Nina Aquila: Legal Eagle makes no attempt to hide its clear Ace Attorney inspirations, so of course it’s a game I was excited to check out.
You play Nina Aquila, a rookie defense attorney. Nina Aquila: Legal Eagle Season One contains three cases, and while a fourth is teased at the end, I believe it will be part of the as-yet-unreleased Season Two.
Unlike its inspiration, Nina Aquila isn’t a visual novel. Instead, it’s presented from a top-down perspective and you walk around the game’s environments to gather evidence and speak with characters during the investigation segments. There’s even a city map, although I didn’t feel the map added much beyond a better sense of the game’s world.
The game also includes some gameplay to shake up the formula. In the second case, this comes in the form of a card battle game, where you summon monsters to fight your opponent’s monsters, since the crime took place at a card tournament. In the third case, which involves street racers, it’s a racing game that uses a rock-paper-scissors system with a couple twists. These are mandatory sections, but there’s an option to make them impossible to lose if you don’t care for that aspect of the gameplay.
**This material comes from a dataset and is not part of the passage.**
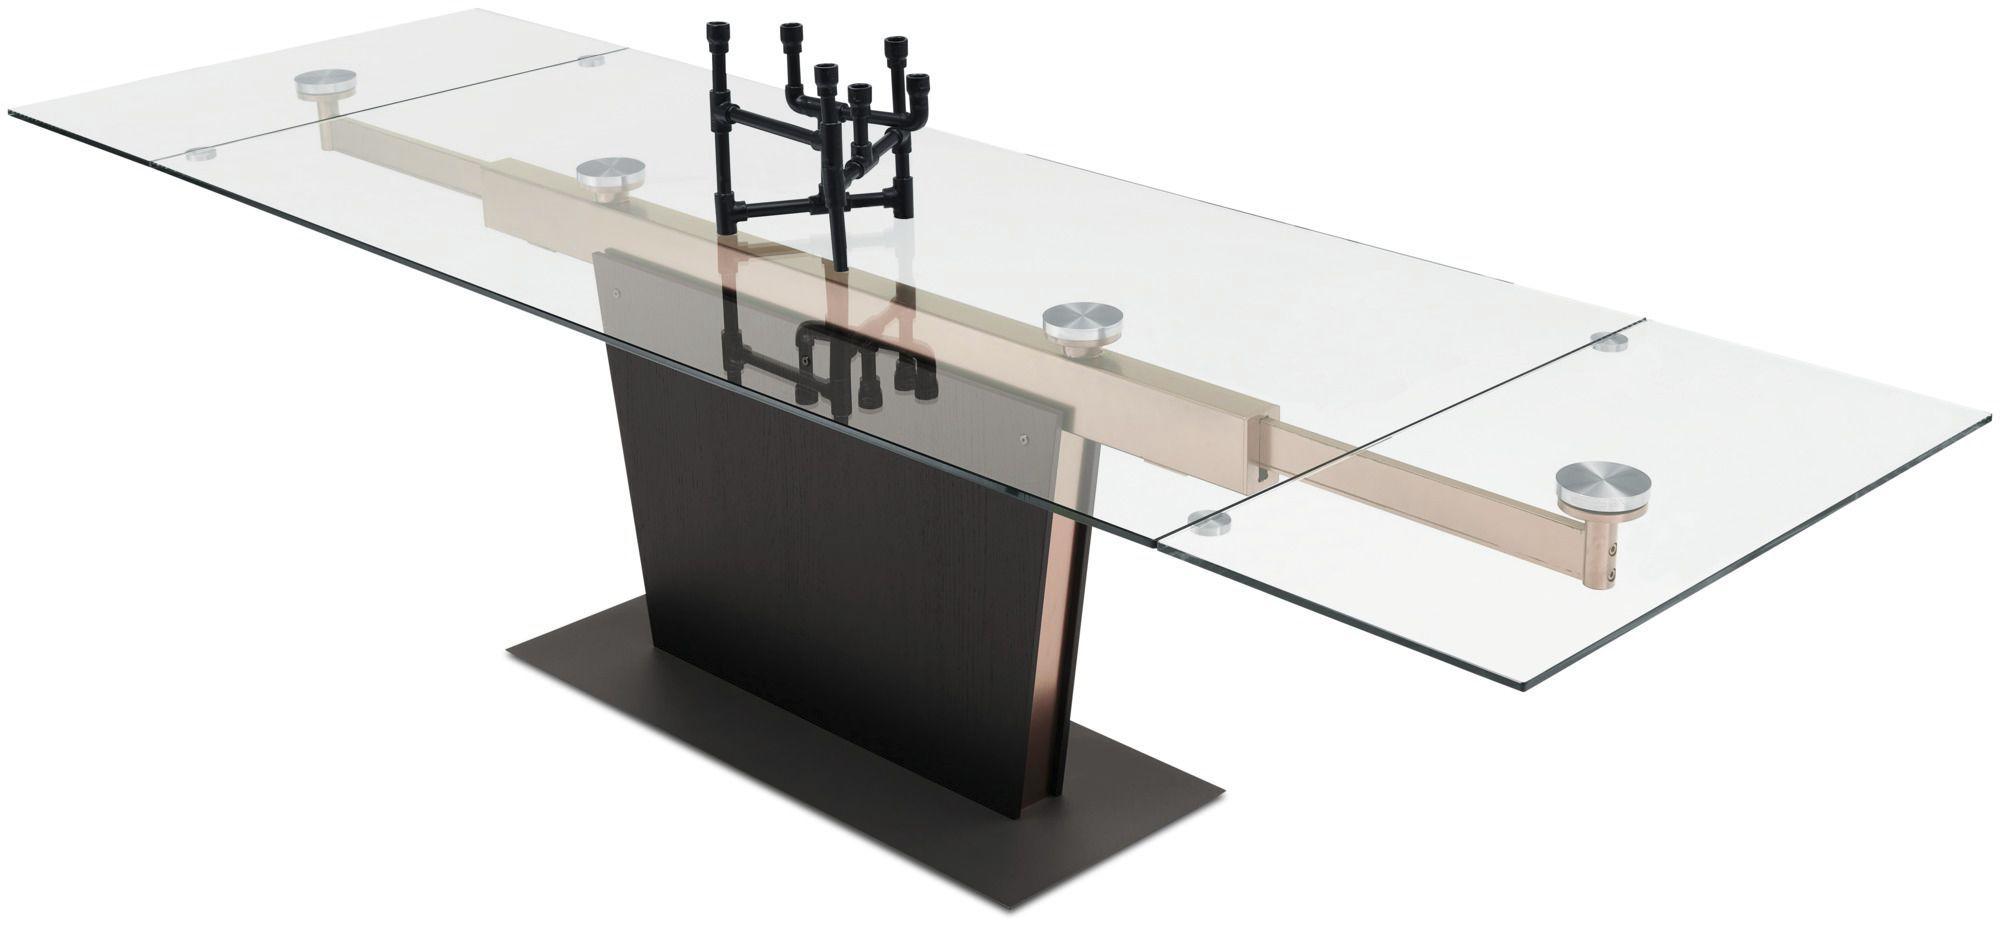 moderner esstisch glas aus mdf stahl - Boconcept Esstisch
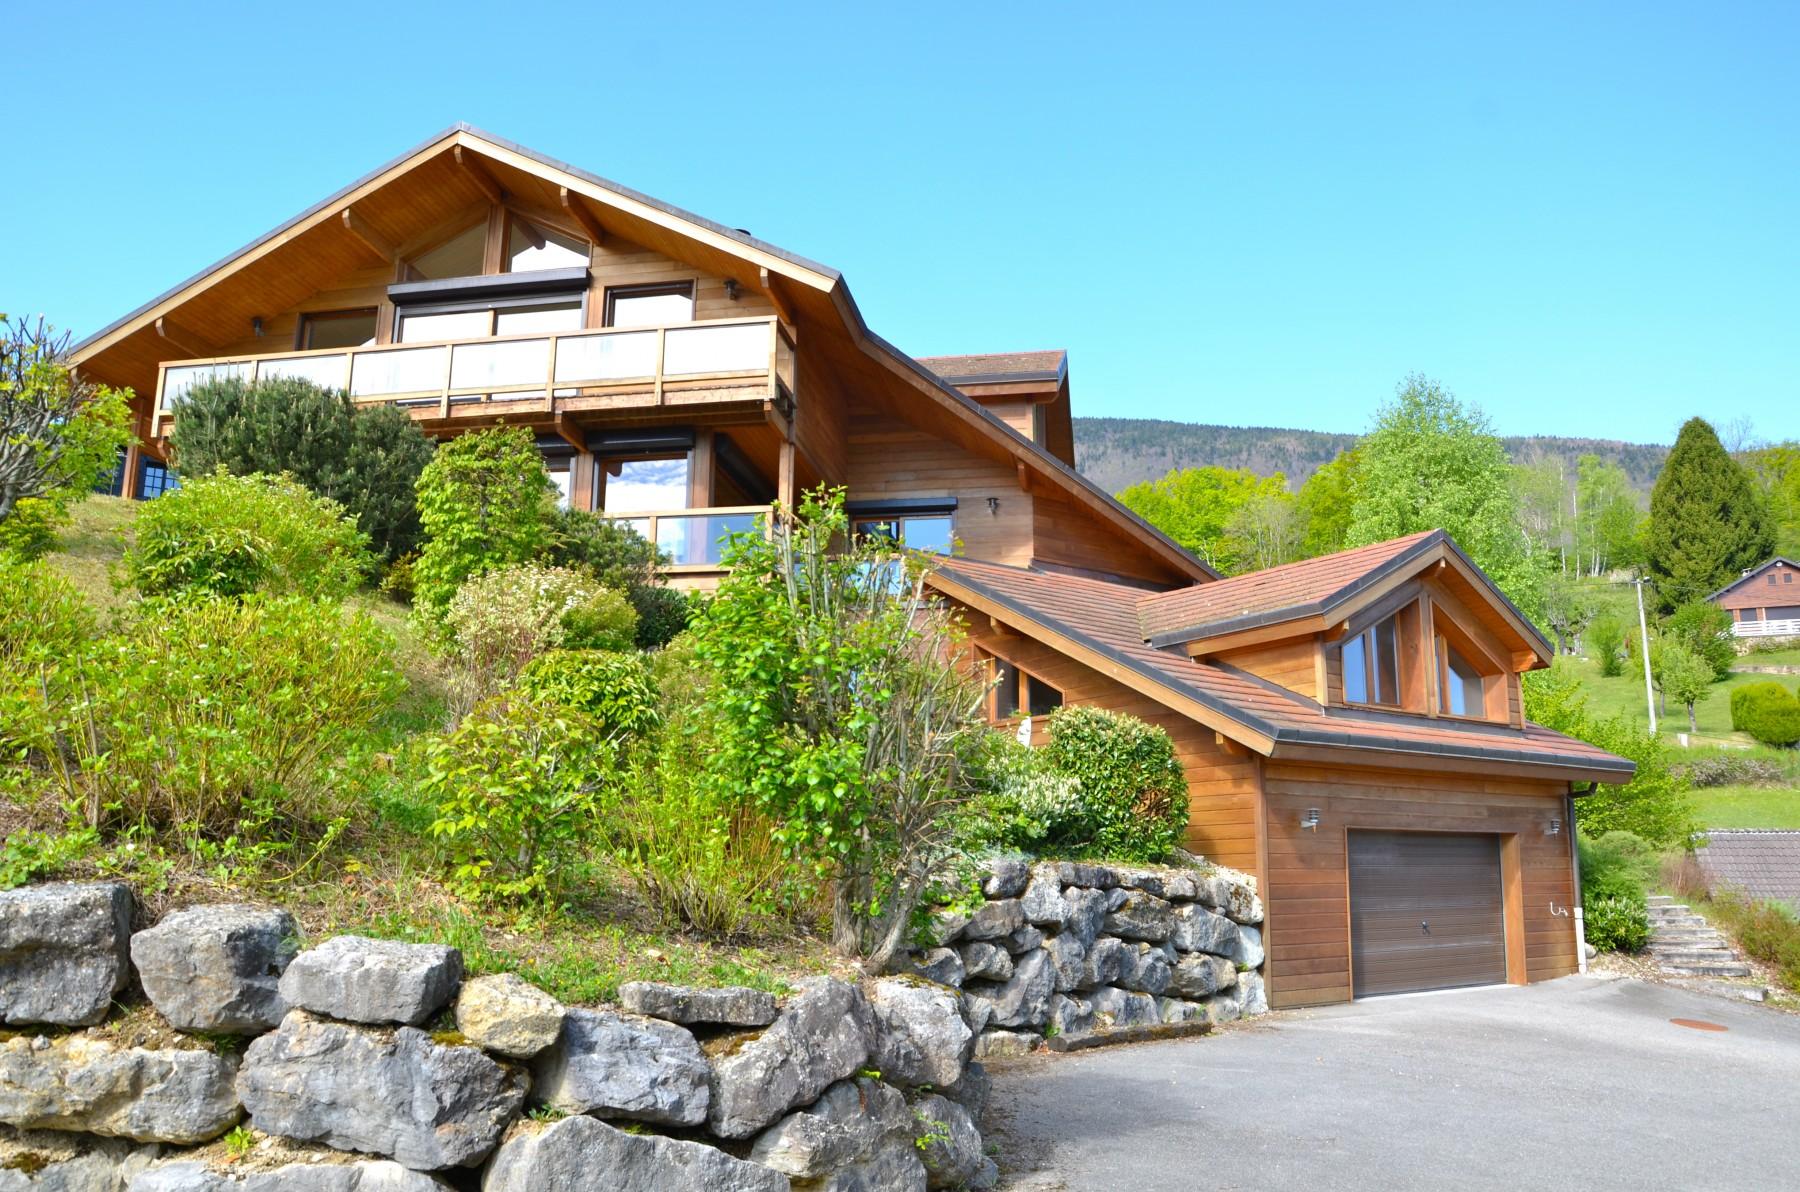 Maisons a saint jorioz st jorioz maison bois avec for Piscine bois maison

Somehow, the racing game still manages to feel tedious in spite of that just for how long the races take and how many there are. Even if you put the races on auto, you still have to sit through the entire race.
If the second season continues to have special gameplay sections like this, I hope they aren’t as tedious as the racing. Adding gameplay is an interesting idea, but I found myself impatient during it. I didn’t want to do all these races; I wanted to look for evidence and investigate the mystery! As a result, I enjoyed the trials more than the investigations even though the investigation segments were lengthier and more unique.
During trial segments, you cross-examine witnesses by pressing their statements and presenting evidence when you find a contradiction, complete with “Hold it!” and “Objection!” voice clips (like I said, it’s not subtle about its inspiration).
The first case is pretty simple, since it functions as a tutorial, while the second and third cases are more involved. I particularly liked the mystery in the third case, since it was complicated enough to have me trying to fit the pieces together the entire time and feeling triumphant when I started to see where it was going.
Along with the individual cases, there’s also an overarching story. However, since it isn’t concluded in this season, I don’t have much of a feeling for it.
The characters are more or less fine. Nina bugged me at first but grew on me over time as she developed, as did her assistant Dylan, who joins the cast in the second case. The weakest member of the cast sadly is Prosecutor Chad Hawke, who is just… kind of boring. He’s smug and sometimes rude, but not enough to be interesting or feel like a threat. Strangely, the characters talk about him like he’s more interesting than he is; I can’t share in their shock at him doing normal things like a normal person when I don’t have that strong of an impression of him to start with.
(Thanks to Ace Attorney, every prosecutor I ever encounter in a mystery game is an Edgeworth in my mind until they distinguish themselves, and I’m afraid to say that right now he’s still just a much less interesting Edgeworth.)
Anyway, Nina Aquila: Legal Eagle Season One was a mixed bag for me. I enjoyed the trial segments (aside from wishing the prosecutor would be more interesting) and solving each case, while the investigations each had something that dragged them down a bit for me. Still, I look forward to hearing about Season Two whenever the next cases of Nina Aquila are ready.